Learn how to tell the difference between fake small caps and real small caps in web typography — and why it matters.

What are small caps?

Small caps are short capital letters that are meant to naturally blend in with lowercase text. They’re commonly used as an alternative to italics, bold, and all caps. Unfortunately, most typefaces don’t have real small caps, that have been designed (with purpose) by the typeface designer.

Okay, so what is fake small caps?

Fake small caps is when you use a word processor or a browser to generate small caps, based on capital letters (uppercase), and reduce their size to something closer to regular lowercase text. Observe and compare the following two examples, and pay attention to their height and stroke width:

Real small caps example:

Small caps used in regular case sentence
Real small caps, designed to blend in with regular, lowercase text.

Fake small caps example:

Notice how these small caps don’t naturally blend in with the regular text case.

Fake small caps. No designer was involved with this garbage.

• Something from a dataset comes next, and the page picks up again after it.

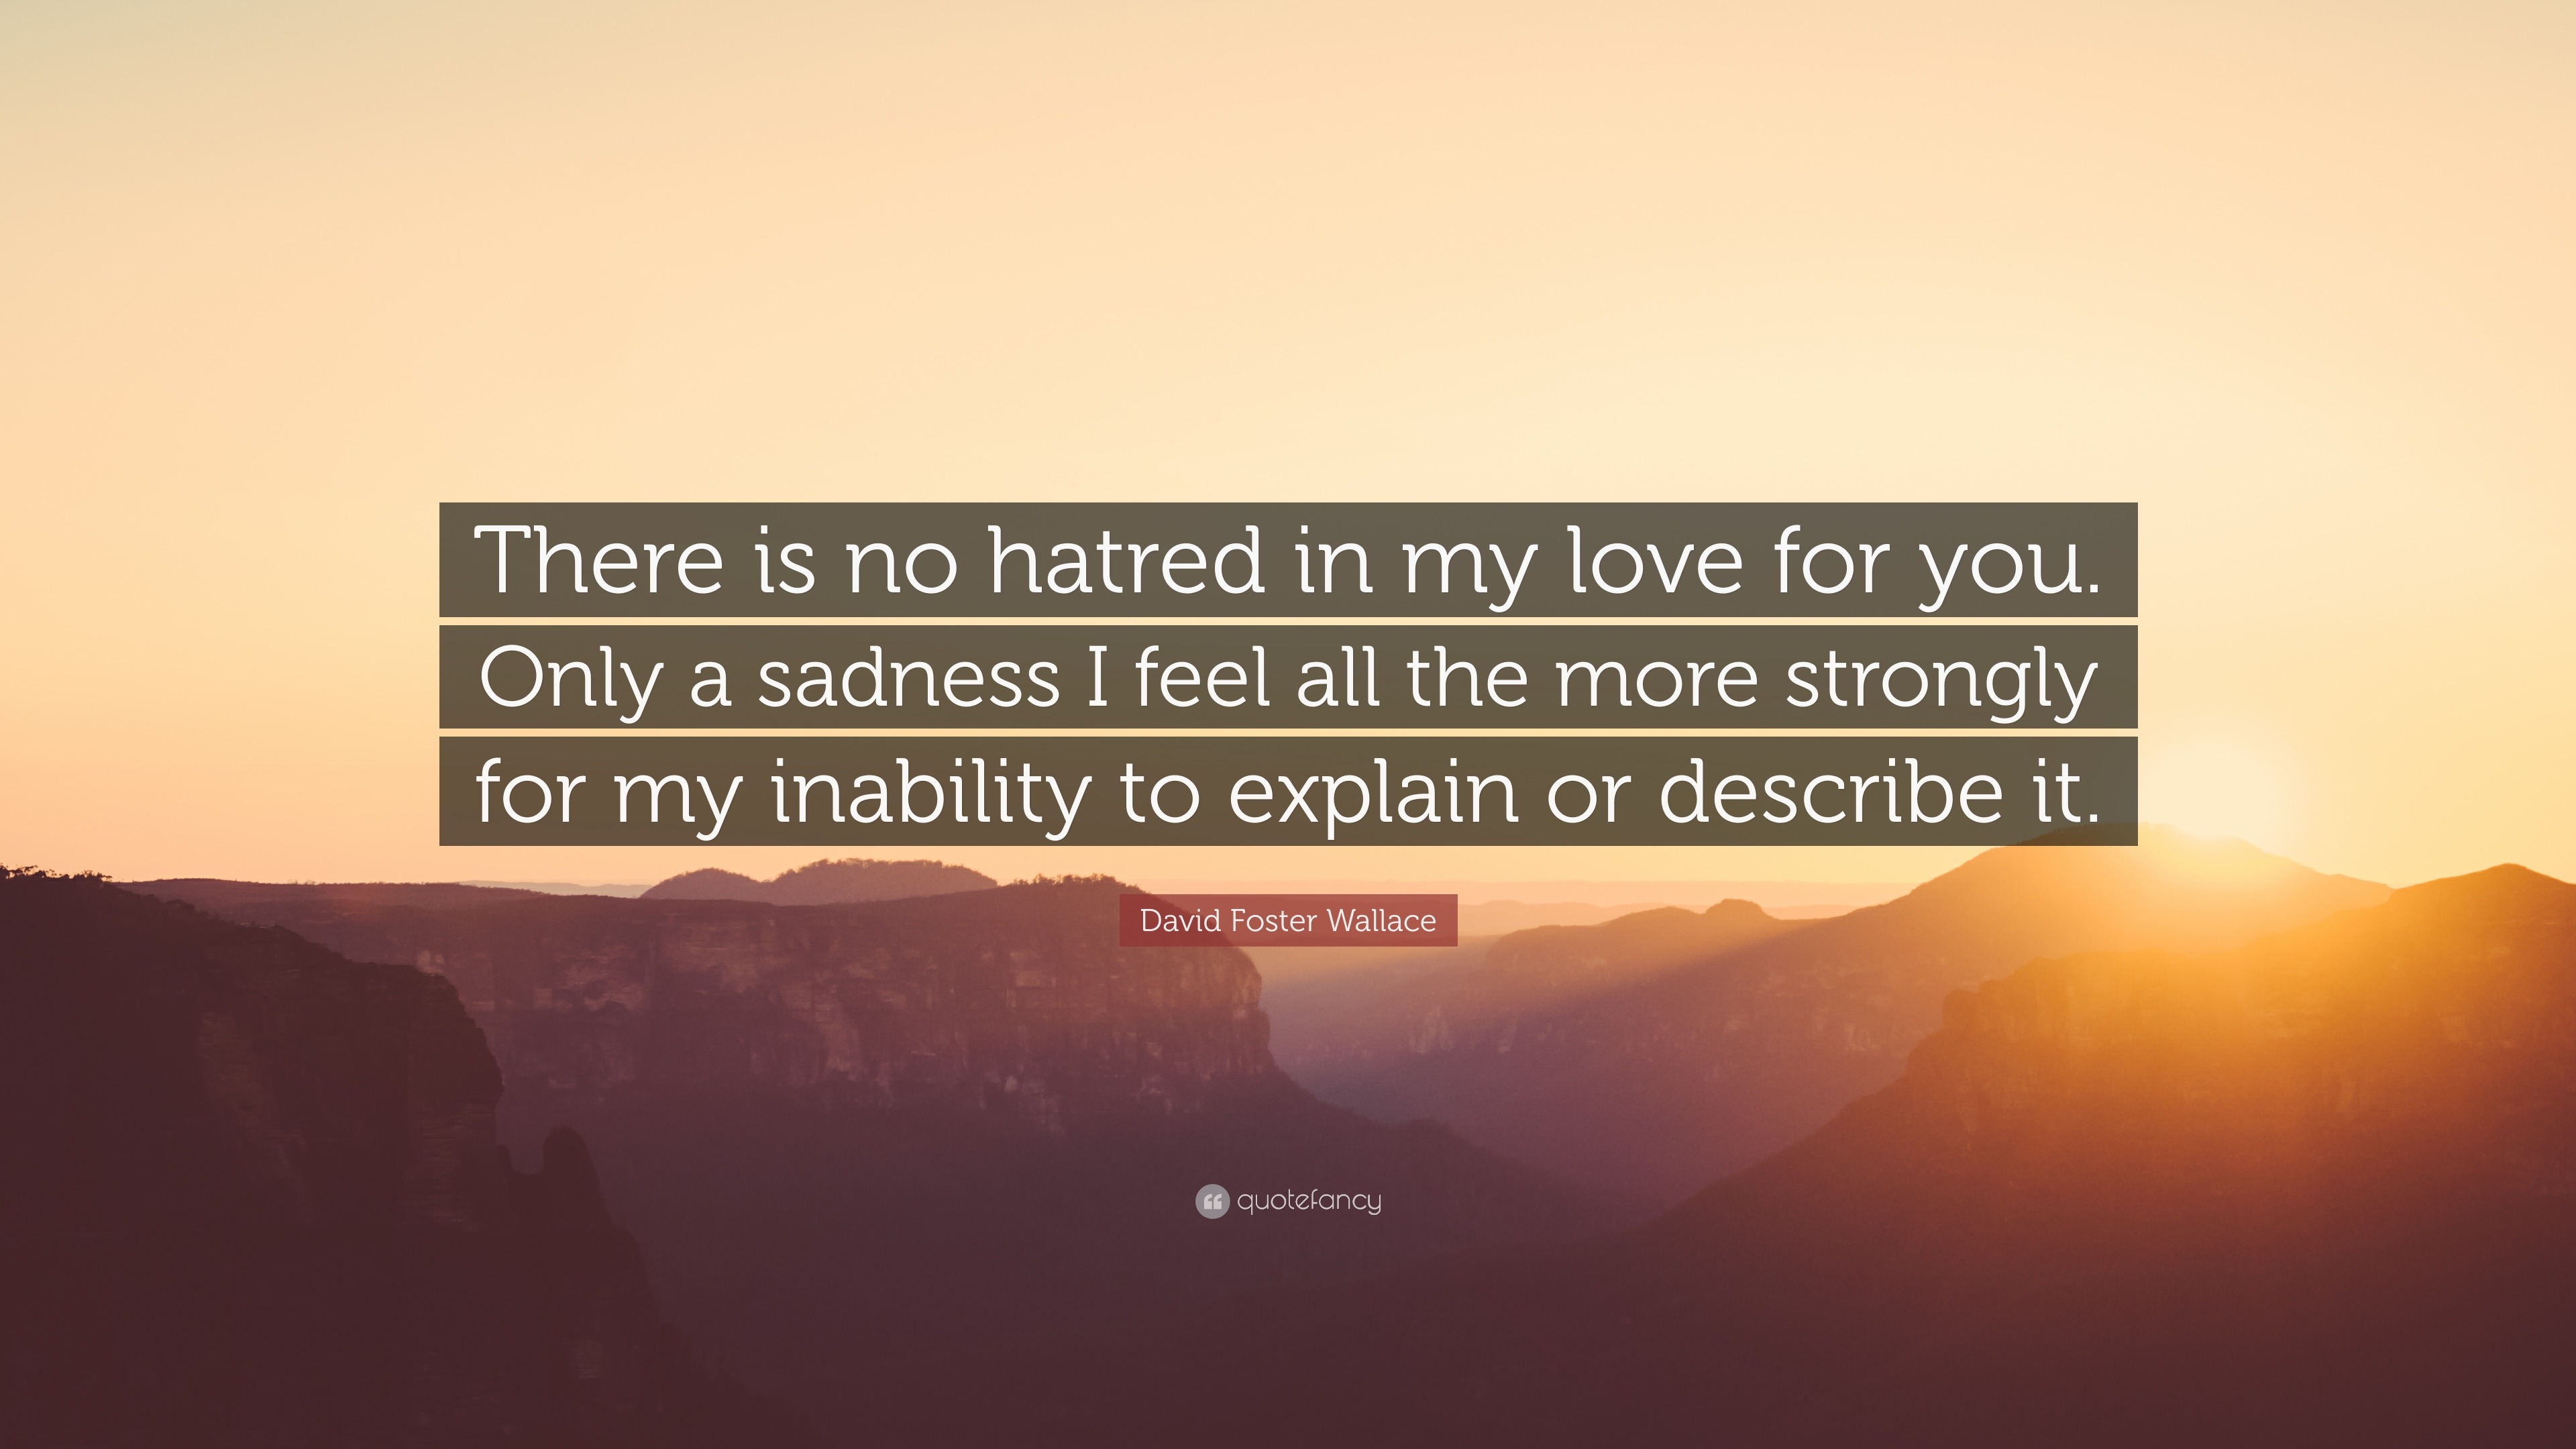 David Foster Wallace Quote “There is no hatred in my love for you
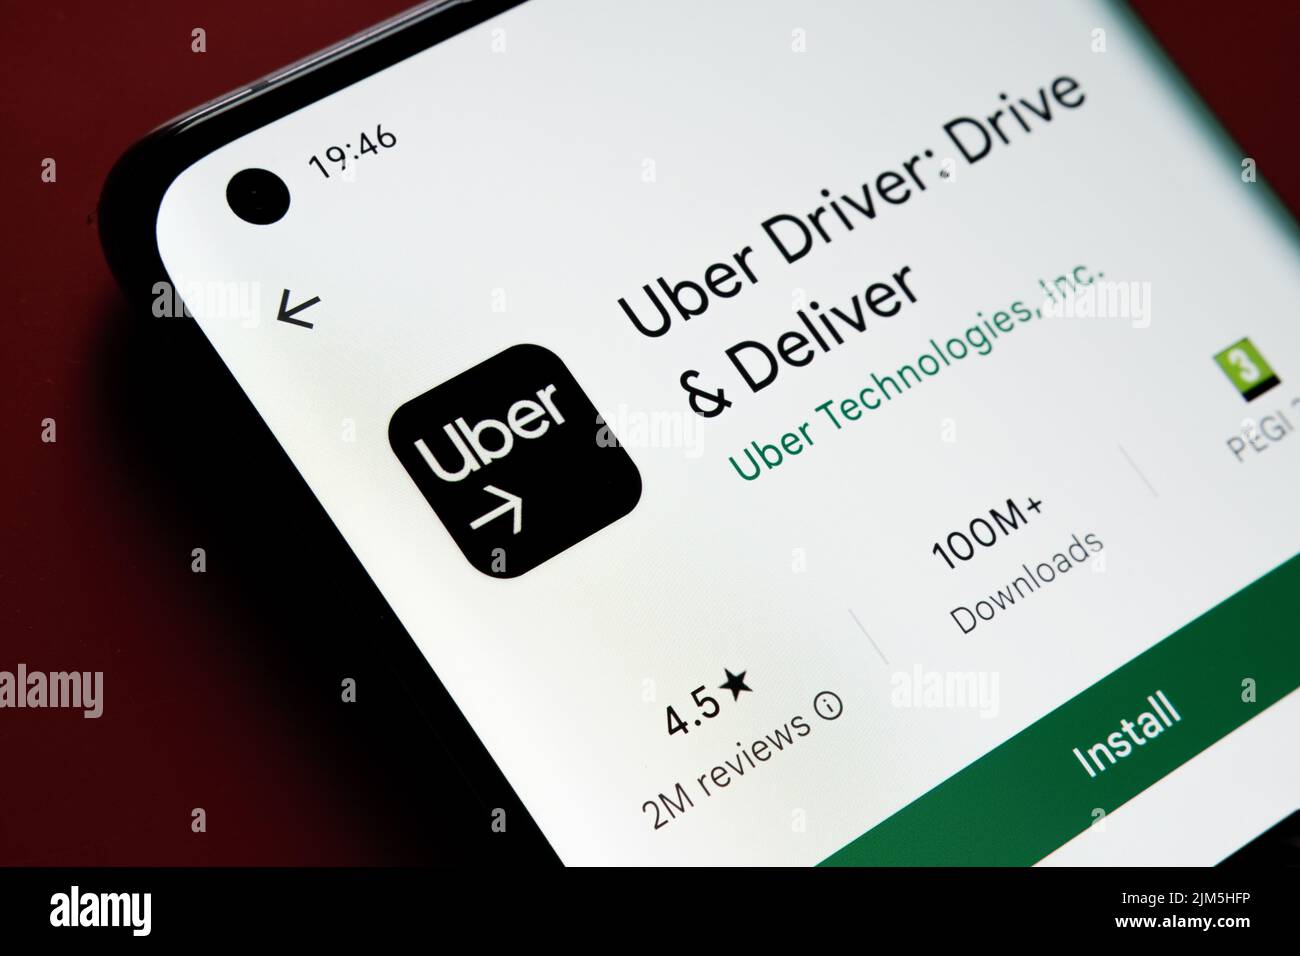 Uber Driver app seen in Google Play Store on the smartphone screen placed on red background. Close up photo with selective focus. Stafford, United Kin Stock Photo

It's a staggering difference, huh? Notice how thin the vertical stroke-width is on the fake small caps example. It looks like it’s using a thin font-weight. It’s not, every word above uses a regular font-weight (font-weight:400;). But that’s how most computer-generated small caps look like (trash).

Note: when you use CSS property font-variant: small-caps; it will automatically access the OpenType (real) small caps in your web font — if the font has them. If it doesn’t, you’ll get the usual, undesirable, computer-generated fake small caps.

Just say no to fake small caps

Most word processors and all modern browsers can auto-generate fake small caps by clicking a button or with a single line of code (CSS: font-variant: small-caps;). But that doesn’t mean that you should.

If you want to use capitalized text in your projects as a stylistic choice then I suggest that you either find a font-family (typeface) that has real small caps included or use standard capital letters (CSS: text-transform: uppercase;).

Standard capital letters (all caps) can work if you’re using them for headings, buttons, or other UI elements. But they usually don’t blend in well with regular lowercase text:

Notice how these normal UPPERCASE LETTERS don’t blend in well with the regular lowercase text.

Normal uppercase letters are too dominant to co-exist harmoniously with lowercase.

Key take-aways:

  • Small caps are an alternative to using italic, bold, and all caps.
  • Only use small caps if your typeface/font family of choice has them.
  • If you need to use all-caps in your project, and your font doesn’t have real small caps, use standard capital letters.
  • The CSS property font-variant: small-caps; will use real small-caps if they’re available, and default to fake small caps if they’re not (so pay attention when you use this property).